NEW YORK (Reuters Health) — Men with long-term diabetes may have a reduced risk of prostate cancer, according to the results of a study published in the American Journal of Epidemiology.“Recent studies have suggested an association between type 2 diabetes mellitus and lower risk of prostate cancer,” Dr. Mona Saraiya and colleagues from the Centers for Disease Control and Prevention, Atlanta, write.

“It has been hypothesised that men with long-term diabetes have a lower risk of prostate cancer than non-diabetic men, and recently diagnosed men have a higher risk.”

In the current study, the researchers used data from the National Health and Nutrition Examination Survey 2001 to 2002 to investigate the association between diabetes and prostate-specific antigen (PSA) levels, a biological marker for prostate cancer. Higher PSA levels indicate an increased risk of cancer. The researchers adjusted the findings for the effect of known potential risk factors. For subjects without a diagnosis of diabetes, the researchers used fasting blood sugar measurements to determine the presence of undiagnosed diabetes.

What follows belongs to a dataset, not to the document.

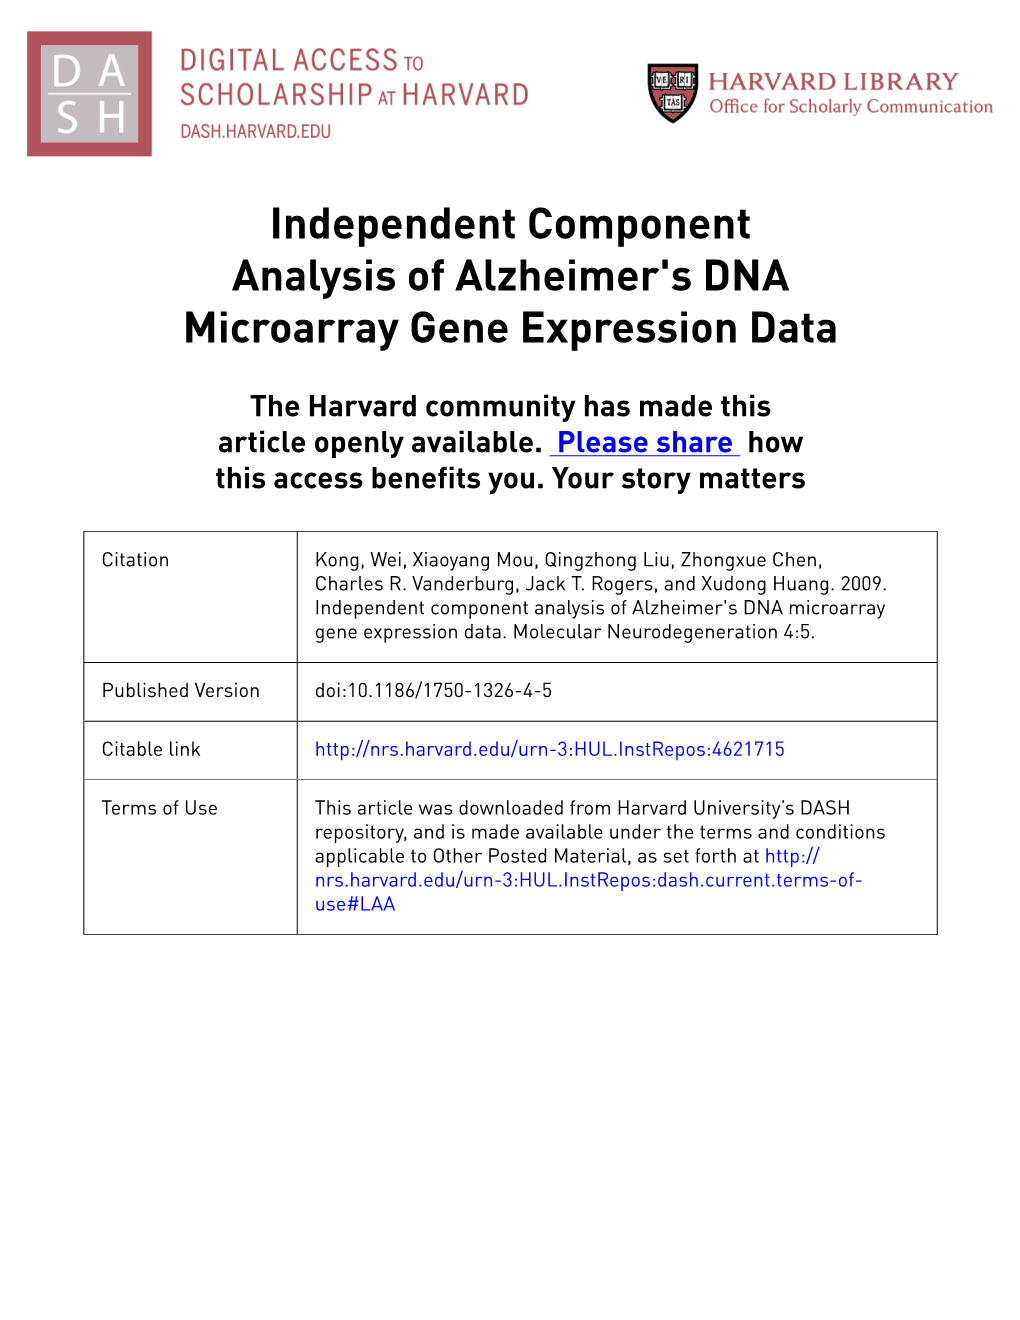 Independent Component Analysis of Alzheimer's DNA Microarray Gene Expression Data

The average PSA levels were 21.6 percent lower among men with a self-reported diagnosis of diabetes compared with men without diabetes.

This difference increased with years since the diabetes diagnosis was made. Men diagnosed more than ten years ago had a 27.5 percent lower average PSA level.

Overweight men who had been diagnosed with diabetes more than ten years ago had a PSA level that was 40.8 percent lower than normal-weight men without diabetes.

“It is unclear whether the lowered PSA level in diabetic men accurately reflects a decreased risk of prostate cancer in the diabetic population or whether their lower PSA levels result in a reduced likelihood of receiving a diagnostic work-up for detection of asymptomatic prostate cancers, as has been suggested for obese men,” Saraiya and colleagues note.

“If the latter were true, diabetic men might well be diagnosed with later-stage tumours and have poorer treatment outcomes, and overweight diabetic men would have later-stage tumours than normal-weight diabetic men.”